The genius in leadership shown by both men, it may be added, had, when applied to practical affairs, points of closest resemblance. In method, industry, and vigilance as to details, Wellington and Nelson vie with each other. The figure of Wellington, a subaltern who had just put on his red coat, solemnly weighing a private soldier, first in undress, and then in full marching equipment, in order to know exactly how much the man in the ranks carried, may be put beside the figure of Nelson learning seamanship in the forecastle of a merchantmen, or as a midshipman mastering the soundings of the open Thames in an open boat. Both of these great leaders, that is, understood the practical side of the business of war, and learned every letter in its iron alphabet. Both men, it may be added, had a fine loyalty of character. "Truth-teller was our English Duke" is Tennyson's summary of one side of Wellington's character; and the great sailor had a habit of speech as direct and simple as the great soldier. For each of them, too, duty was a word of magic sound. It was peremptory, final, absolute. Duty was for Wellington "the King's salt." "I have eaten the King's salt," he said, "and must serve him anywhere." For Nelson it was the one consideration about which debate was impossible, delay a dishonour, and denial the last and worst of treacheries. And the race which, in the same struggle, produced Nelson to lead its fleets, and Wellington to command its armies, may well think of both its great sons with pride.
Intellectually, Nelson resembled Napoleon rather than Wellington. Morally, of course, the two men were parted by a measureless gulf. Napoleon was the incarnation of selfishness.
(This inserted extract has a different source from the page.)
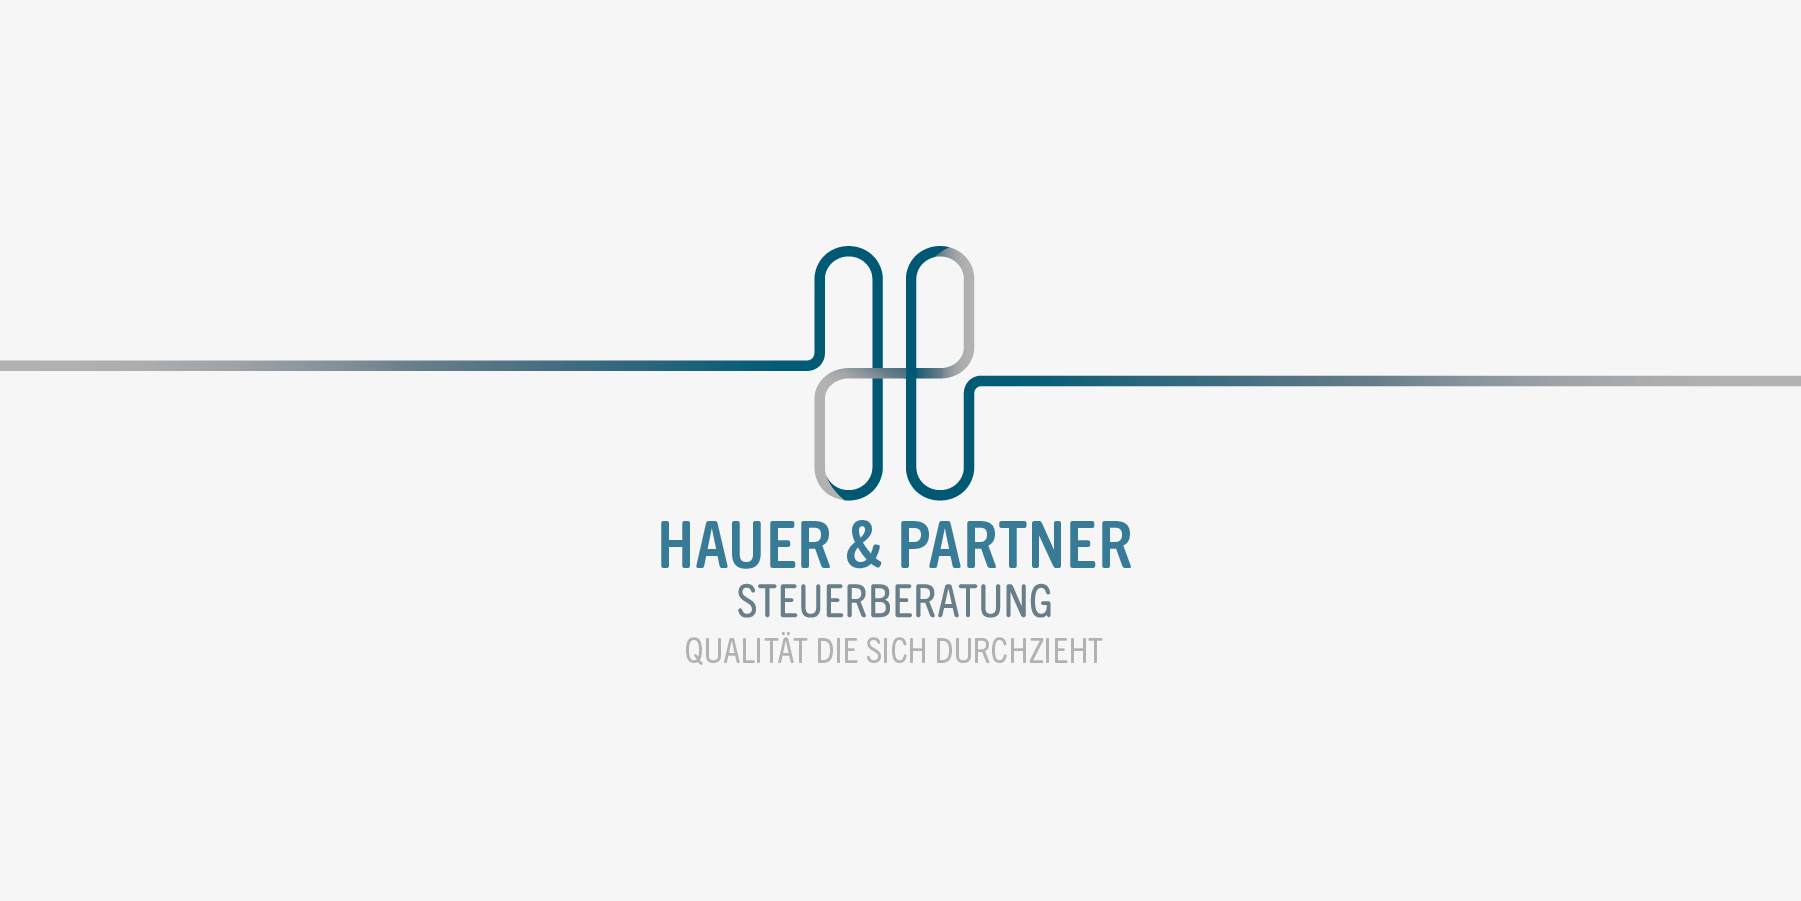 Hauer & Partner Steuerberatung

Duty was for him an irrelevant, or even an unintelligible word. The very sense of truth was non-existent. Tried by nearly all moral tests, Nelson and Napoleon were almost exact opposites of each other. But as a battle leader, Nelson was on the sea what Napoleon was on land. He might almost be described as Napoleon translated into sea terms; but it is a Napoleon plus a conscience, and minus the reckless ambition which explains "the Spanish ulcer" and the retreat from Moscow.
Nelson certainly showed on the sea many of the great qualities of leadership Napoleon showed on land. He had the same complete and instant vision of the whole landscape the same faculty for swift resolve and for lightning-Iike strokes; the same power to impress the imagination, not only of his own men, but of his foes. He possessed, too, in an equal measure with Napoleon, the ruthless energy in pushing a victory to the uttermost, which is the mark of a great captain.
Yet
the difference in the two men as leaders are remarkable. Nelson at
Waterloo
would have led the Old Guard in person, and have died on the British
ridge. He would have done in the retreat from Moscow what Ney did
- and what Napoleon did not do, he would have fought in the rear-guard,
have fired the last shot, and been the last man across the
Dnieper. He might have fought the battle of the Pyramids, but he would
certainly not have invited forty centuries to witness the performance!
Nelson had. too, the prescient imagination of a statesman, as well as the keen, sure glance of the fighter. He saw not the battle merely, but the campaign; not the campaign only, but the war. He saw the conflict with revolutionary and Napoleonic France, that is, as we see it now, in the perspective of a century. He saw its inevitable character, its tremendous issues.